I’m studying B+trees for indexing and I try to understand more than just memorizing the structure. As far as I understand the inner nodes of a B+tree forms an index on the leaves and the leaves contains pointers to where the data is stored on disk. Correct? Then how are lookups made? If a B+tree is so much better than a binary tree, why don’t we use B+trees instead of binary trees everywhere?
I read the wikipedia article on B+ trees and I understand the structure but not how an actual lookup is performed. Could you guide me perhaps with some link to reading material?
What are some other uses of B+ trees besides database indexing?

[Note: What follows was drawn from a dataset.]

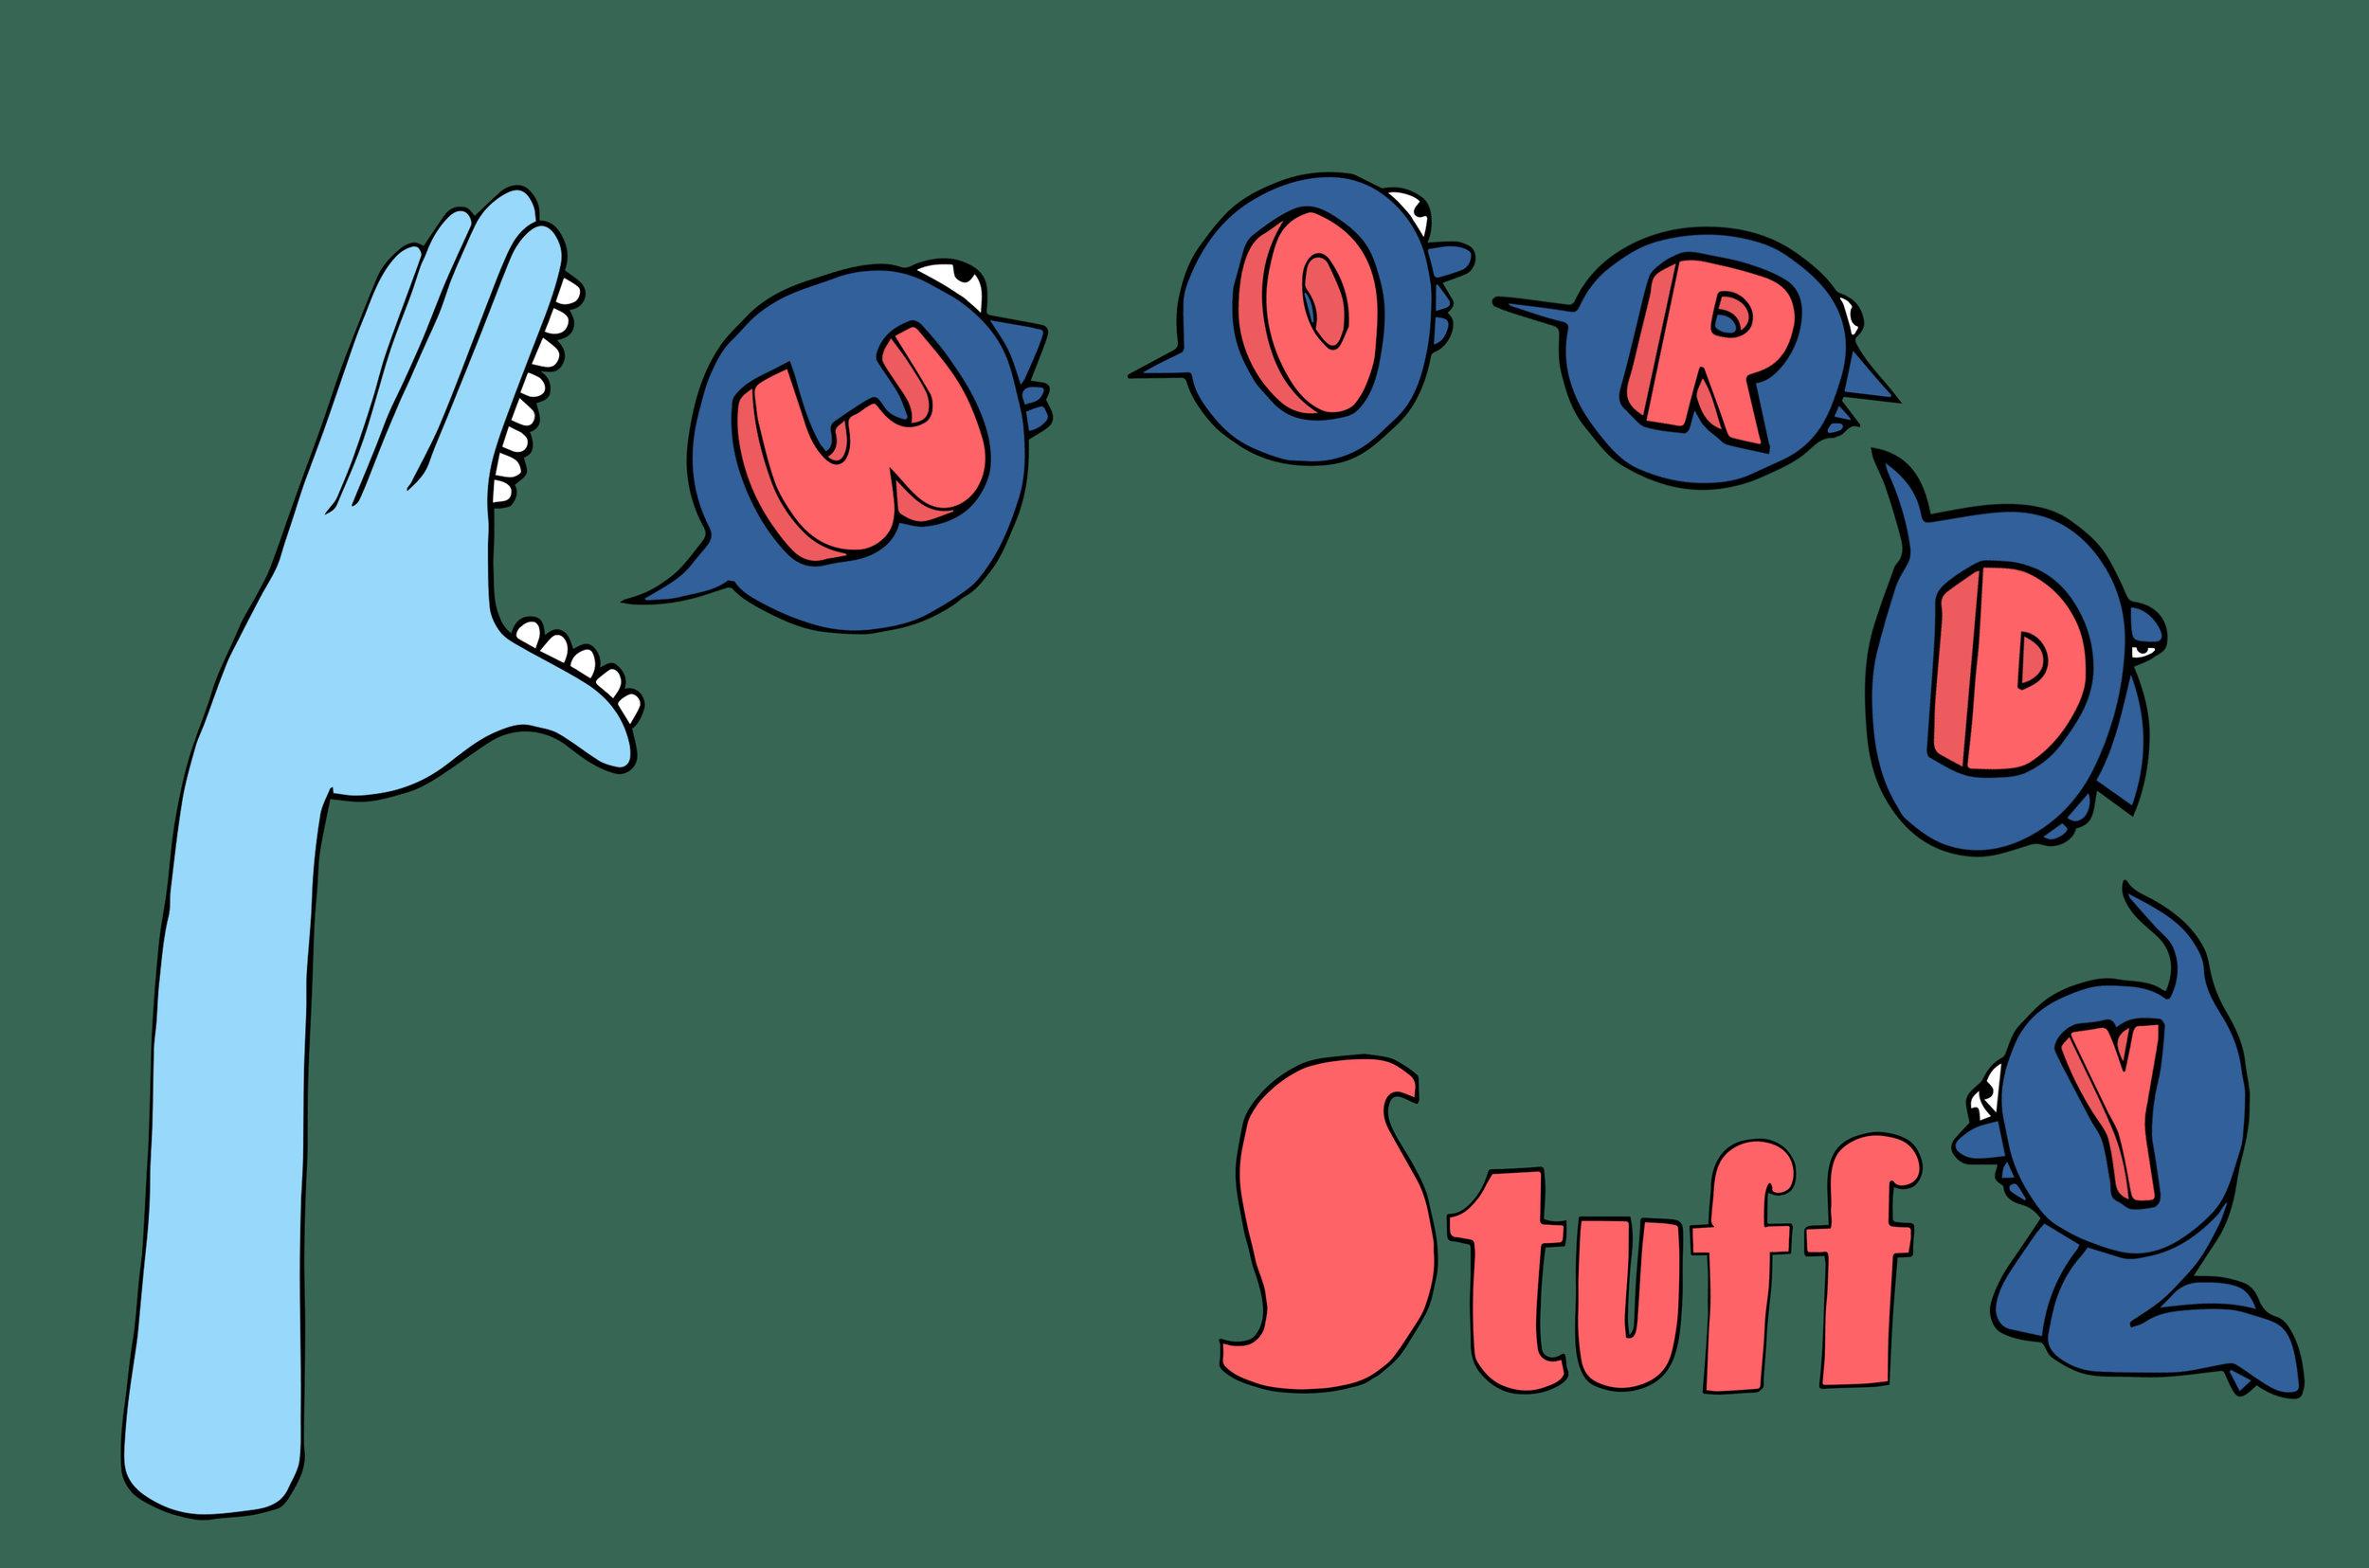 WordyStuff.jpg

No, the index is formed by the inner nodes (non-leaves). Depending on the implementation the leaves may contain either key/value pairs or key/pointer to value pairs. For example, a database index uses the latter, unless it is an IOT (Index Organized Table) in which case the values are inlined in the leaves. This depends mainly on whether the value is insanely large wrt the key.
In the general case where the root node is not a leaf (it does happen, at first), the root node contains a sorted array of N keys and N+1 pointers. You binary search for the two keys S0 and S1 such that
S0 <= K < S1(where K is what you are looking for) and this gives you the pointer to the next node.You repeat the process until you (finally) hit a leaf node, which contains a sorted list of key-values pairs and make a last binary search pass on those.
I hope the rough algorithm I explained helped out, otherwise feel free to ask in the comments.
In the same vein: file-system indexing also benefits.
The idea is always the same: a B+Tree is really great with small keys/large values and caching. The idea is to have all the keys (inner nodes) in your fast memory (CPU Cache >> RAM >> Disk), and the B+Tree achieves that for large collections by pushing keys to the bottom. With all inner nodes in the fast memory, you only have one slow memory access at each search (to fetch the value).